Either way it’s tedious to type out, even with lines omitted. And it’s just as ugly to read. The alternative is to implement the lookup table:

let monthByNameLookup = function(name){
  let monthsByName = {"January"   : 1,
                      "February"  : 2,
                      "March"     : 3,
                      "April"     : 4,
                      "May"       : 5,
                      "June"      : 6,
                      "July"      : 7,
                      "August"    : 8,
                      "September" : 9,
                      "October"   : 10,
                      "November"  : 11
                      "December"  : 12};
  return monthsByName[name];
}

monthByNameLookup("January");
//=> 1

monthByNameLookup("March");
//=> 3

monthByNameLookup("November");
//=> 11

Works fine, but our lookup table is being created every time we run the function. That’s wasteful - this is something that’s always going to be the same, we should only create it once. Let’s try doing that:


let monthsByName = {"January"   : 1,
                    "February"  : 2,
                    "March"     : 3,
                    "April"     : 4,
                    "May"       : 5,
                    "June"      : 6,
                    "July"      : 7,
                    "August"    : 8,
                    "September" : 9,
                    "October"   : 10,
                    "November"  : 11
                    "December"  : 12};

let monthByNameLookup = function(name){
  return monthsByName[name];
}

monthByNameLookup("January");
//=> 1

monthByNameLookup("March");
//=> 3

monthByNameLookup("November");
//=> 11

Now we defined the lookup table exactly once and we did that outside the function. We certainly fixed one problem - the table is not being created over and over again, every time the function is called. But now we have another problem:

monthByNameLookup("January");
//=> 1

monthsByName["January"] = 42;
monthByNameLookup("January");
//=> 42

Our lookup table is both exposed and mutable. That’s not good. In fact, this breaks the function purity - note that we can get two completely different results for the same input parameter.

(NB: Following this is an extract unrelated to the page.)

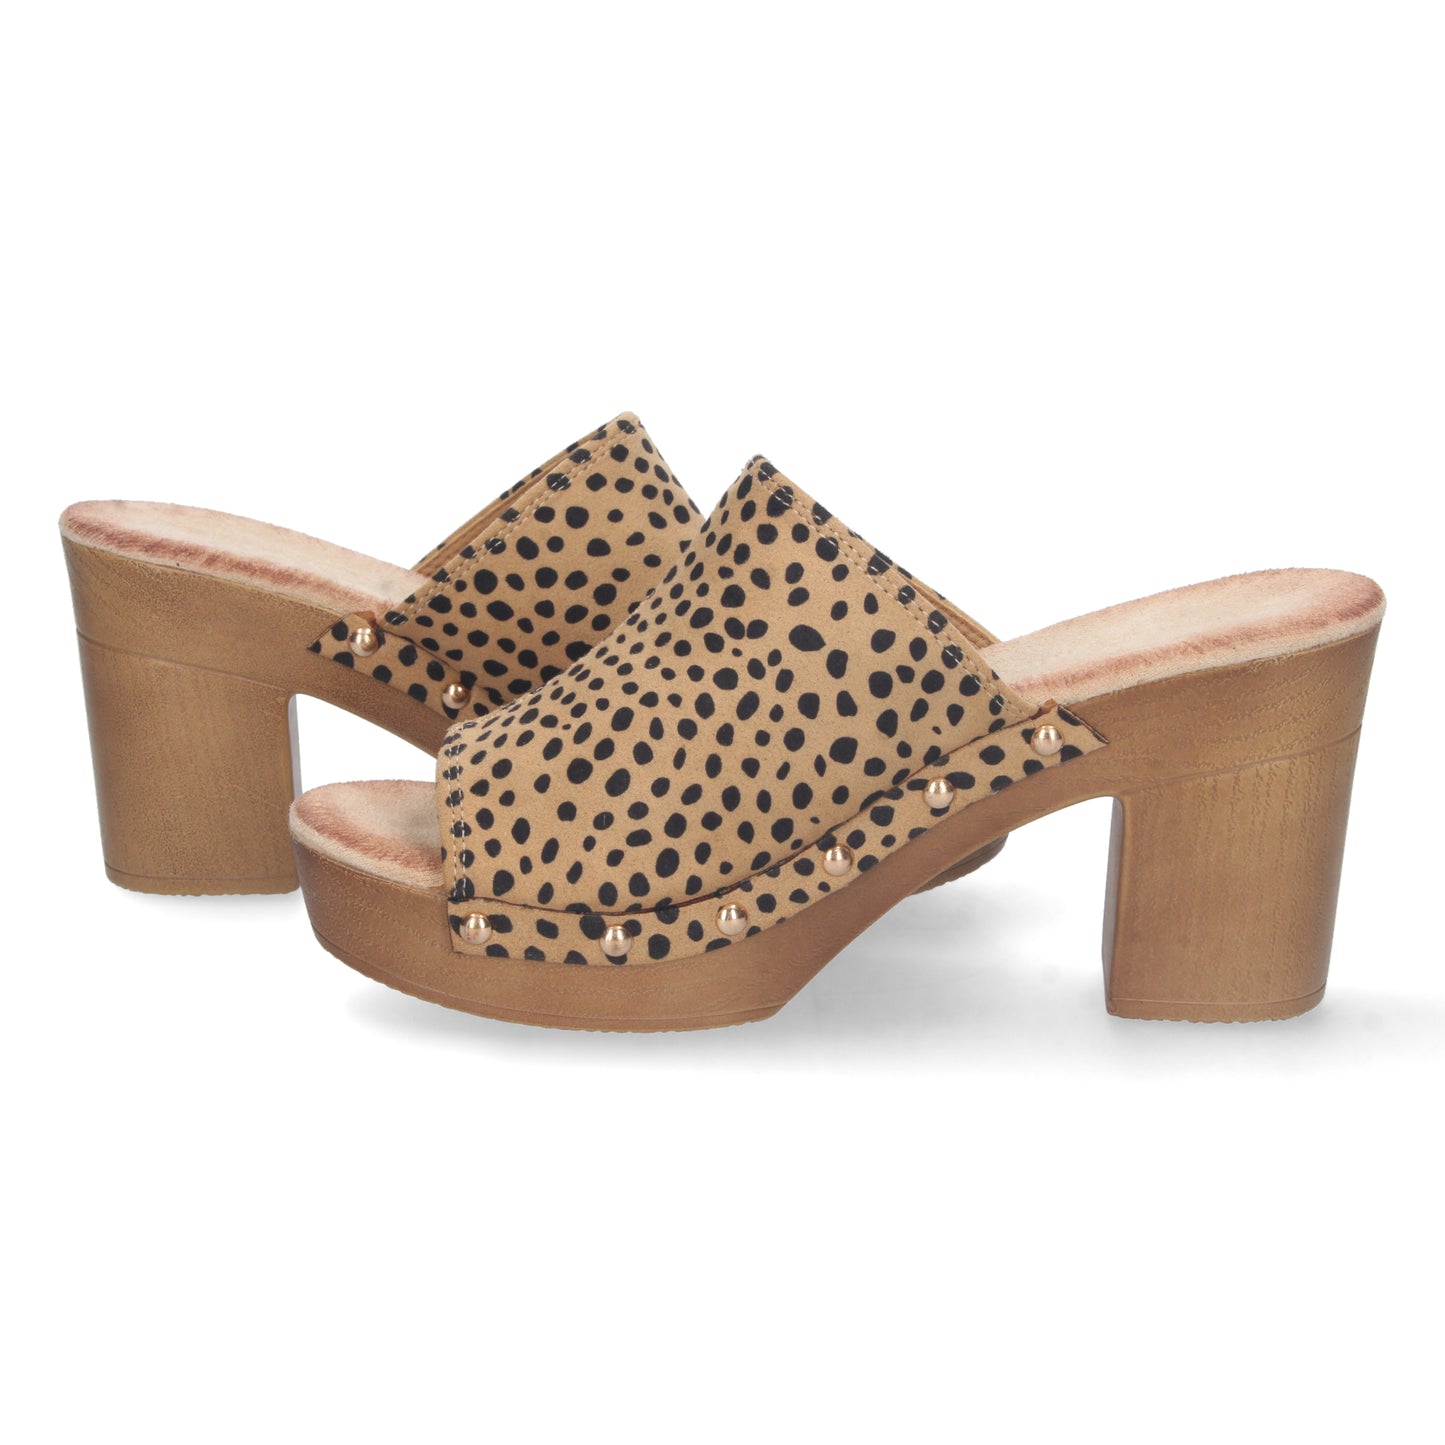 Sandalia de tacón de madera leopardo

There are two straightforward ways to solve this:

  • make the lookup table immutable
  • encapsulate it so that it can’t be accessed by arbitrary code.

In plain JavaScript, we can make an object immutable by using both const and Object.freeze(), i.e.

const monthsByName = {"January"   : 1,
                      "February"  : 2,
                      "March"     : 3,
                      "April"     : 4,
                      "May"       : 5,
                      "June"      : 6,
                      "July"      : 7,
                      "August"    : 8,
                      "September" : 9,
                      "October"   : 10,
                      "November"  : 11
                      "December"  : 12};
Object.freeze(monthsByName);

let monthByNameImmutable = function(name){
  return monthsByName[name];
}

monthByNameImmutable("January");
//=> 1

monthsByName["January"] = 42; //prevented by Object.freeze()
monthByNameImmutable("January");
//=> 1

monthsByName = {"January" : 42}; //prevented by const
//=> Uncaught TypeError: Assignment to constant variable.
monthByNameImmutable("January");
//=> 1

Keyword const makes sure that variable monthsByName cannot be assigned to point at another object and Object.freeze() makes sure that the object itself cannot be modified. The result is that our lookup table is now immutable which makes the function pure.

The other thing we can do is encapsulate monthsByName so that it is not accessible to the rest of the code. We’ll turn our function into a closure to make that happen:

let createMonthByNameFn = function(){
  let monthsByName = {"January"   : 1,
                      "February"  : 2,
                      "March"     : 3,
                      "April"     : 4,
                      "May"       : 5,
                      "June"      : 6,
                      "July"      : 7,
                      "August"    : 8,
                      "September" : 9,
                      "October"   : 10,
                      "November"  : 11
                      "December"  : 12};
  return function(name){
    return monthsByName[name];
  }
}

let monthByNameClosure = createMonthByNameFn();

monthByNameClosure("January");
//=> 1

monthByNameClosure("March");
//=> 3

monthByNameClosure("November");
//=> 11

Lookup table gets created exactly once, during function creation within createMonthByNameFn. The table is technically stored in a mutable data structure, but since its encapsulated within the local state of createMonthByNameFn function it is not accessible by any other code and thus effectively cannot be mutated. So, the function is pure and will always behave correctly.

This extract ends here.